# What is needed
Set down the full listing below word for word; pictures stay out of the copy.

# Dataset section
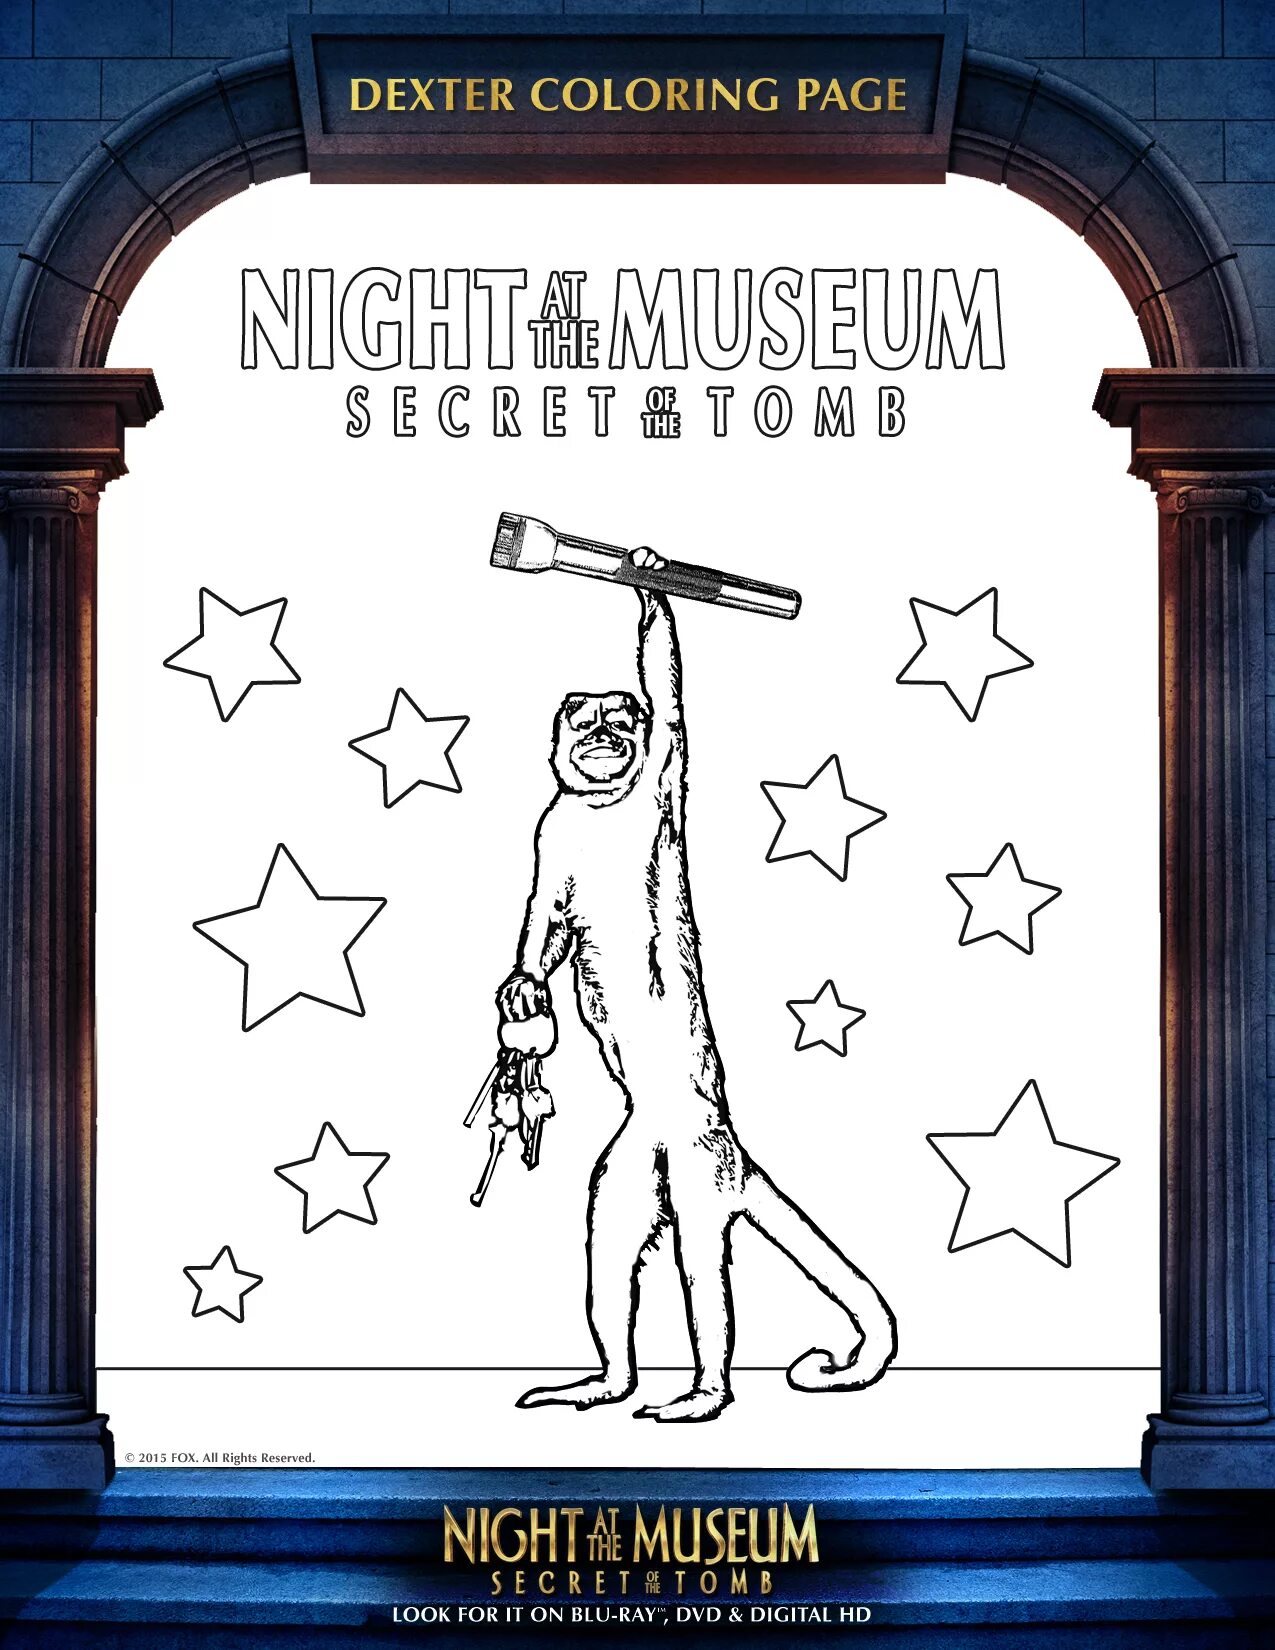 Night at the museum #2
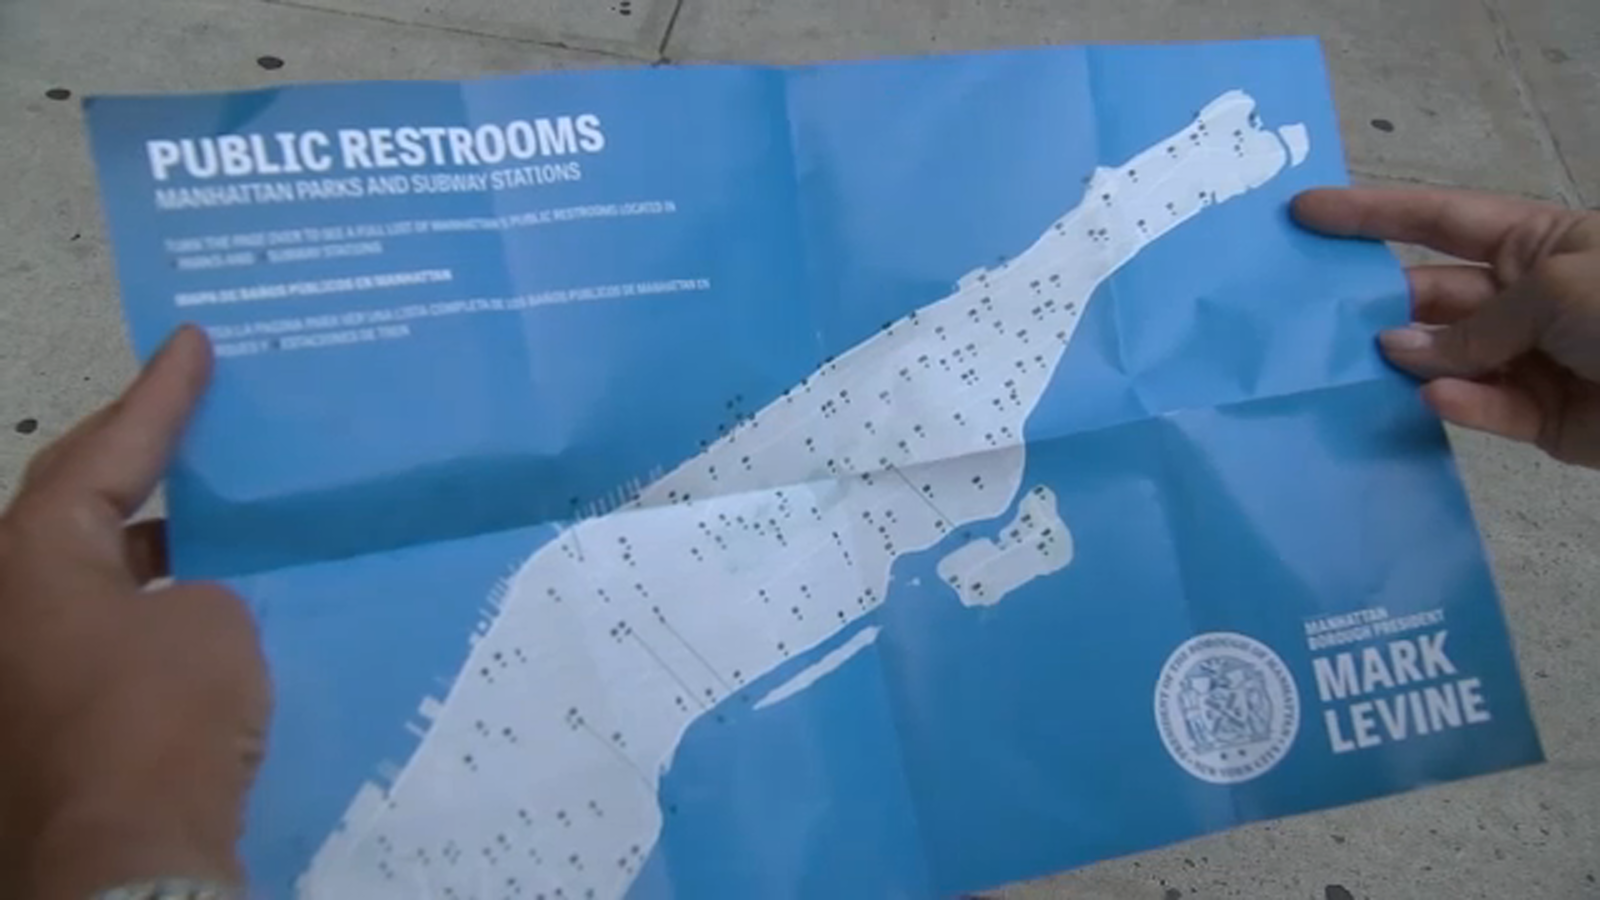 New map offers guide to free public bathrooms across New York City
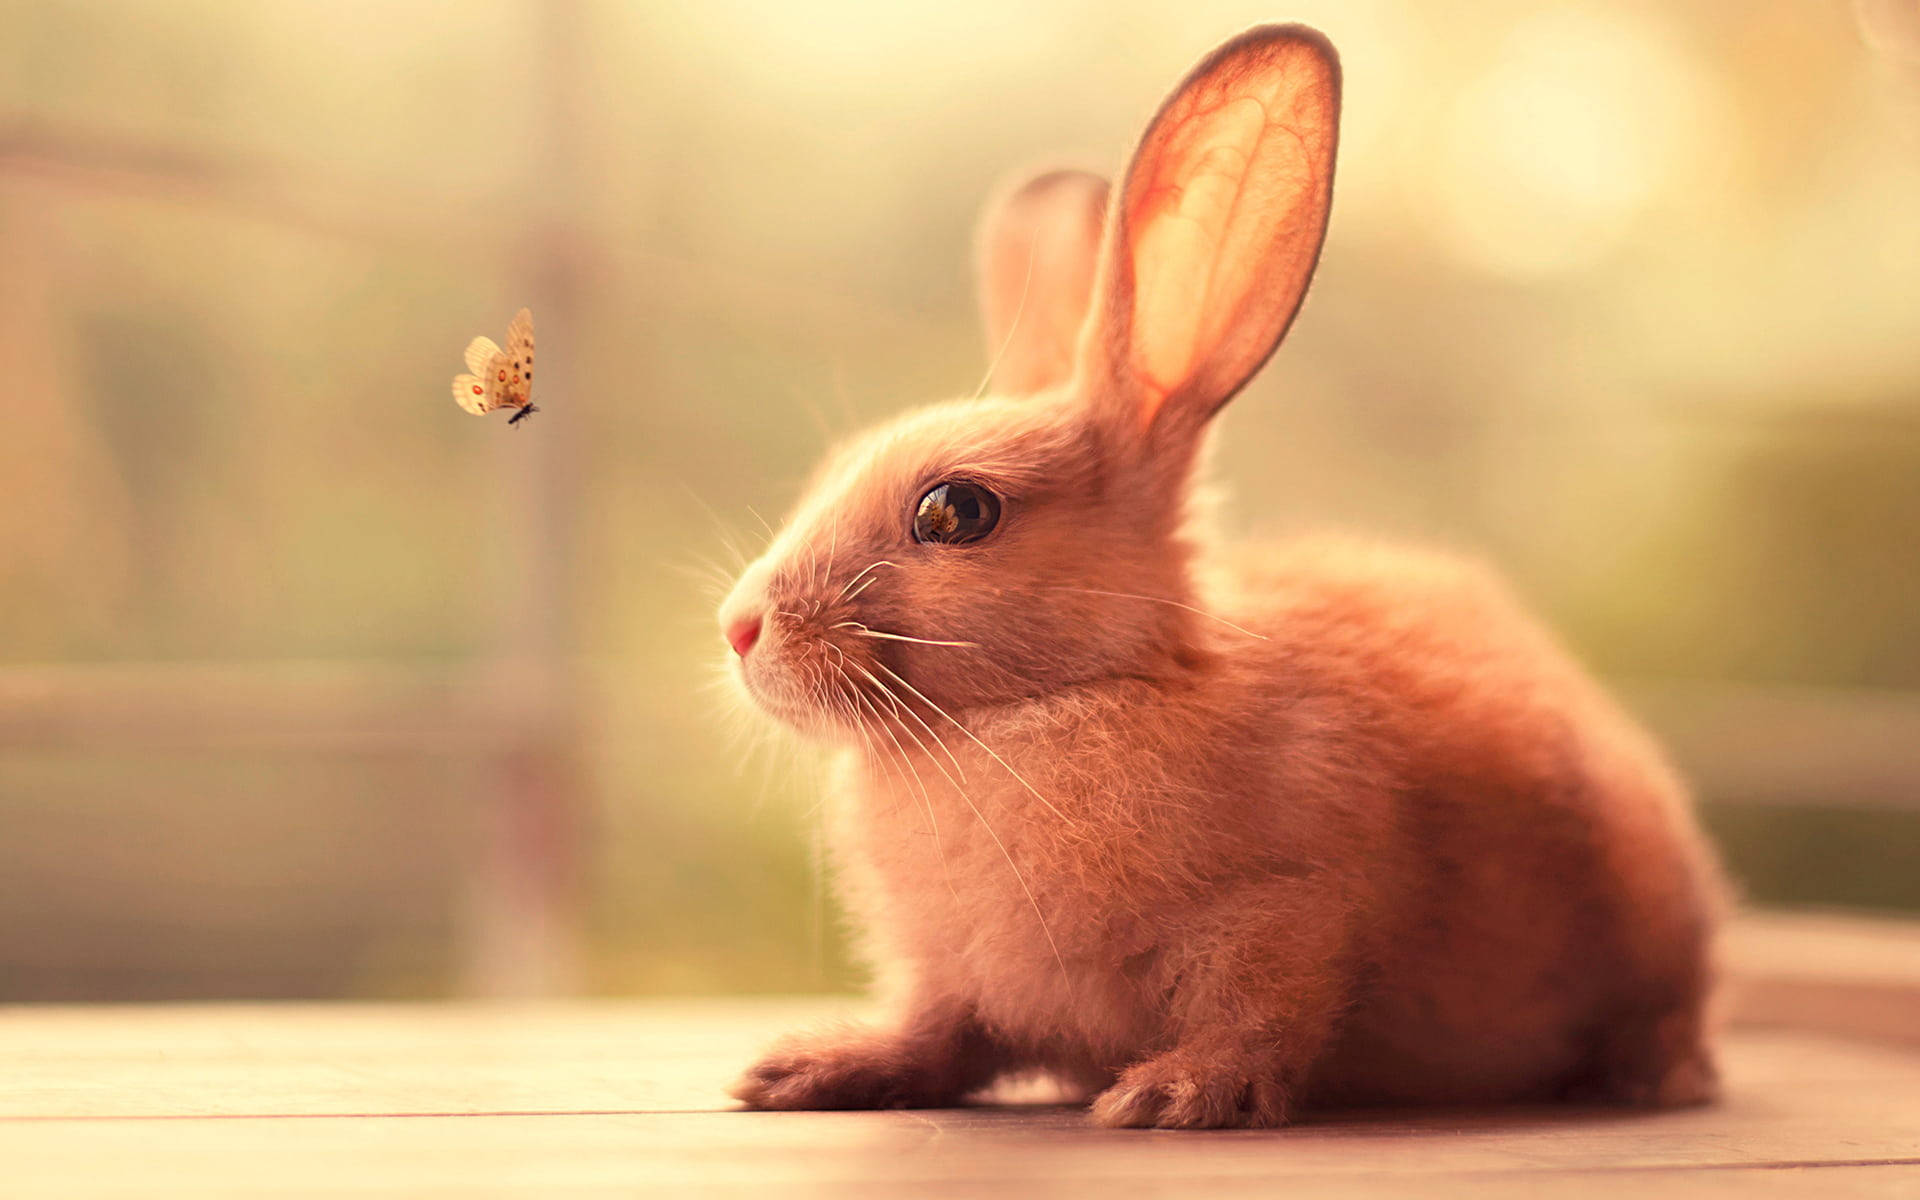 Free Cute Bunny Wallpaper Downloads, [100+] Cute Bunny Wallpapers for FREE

# Task answer
 Night at the museum #2
 New map offers guide to free public bathrooms across New York City
 Free Cute Bunny Wallpaper Downloads, [100+] Cute Bunny Wallpapers for FREE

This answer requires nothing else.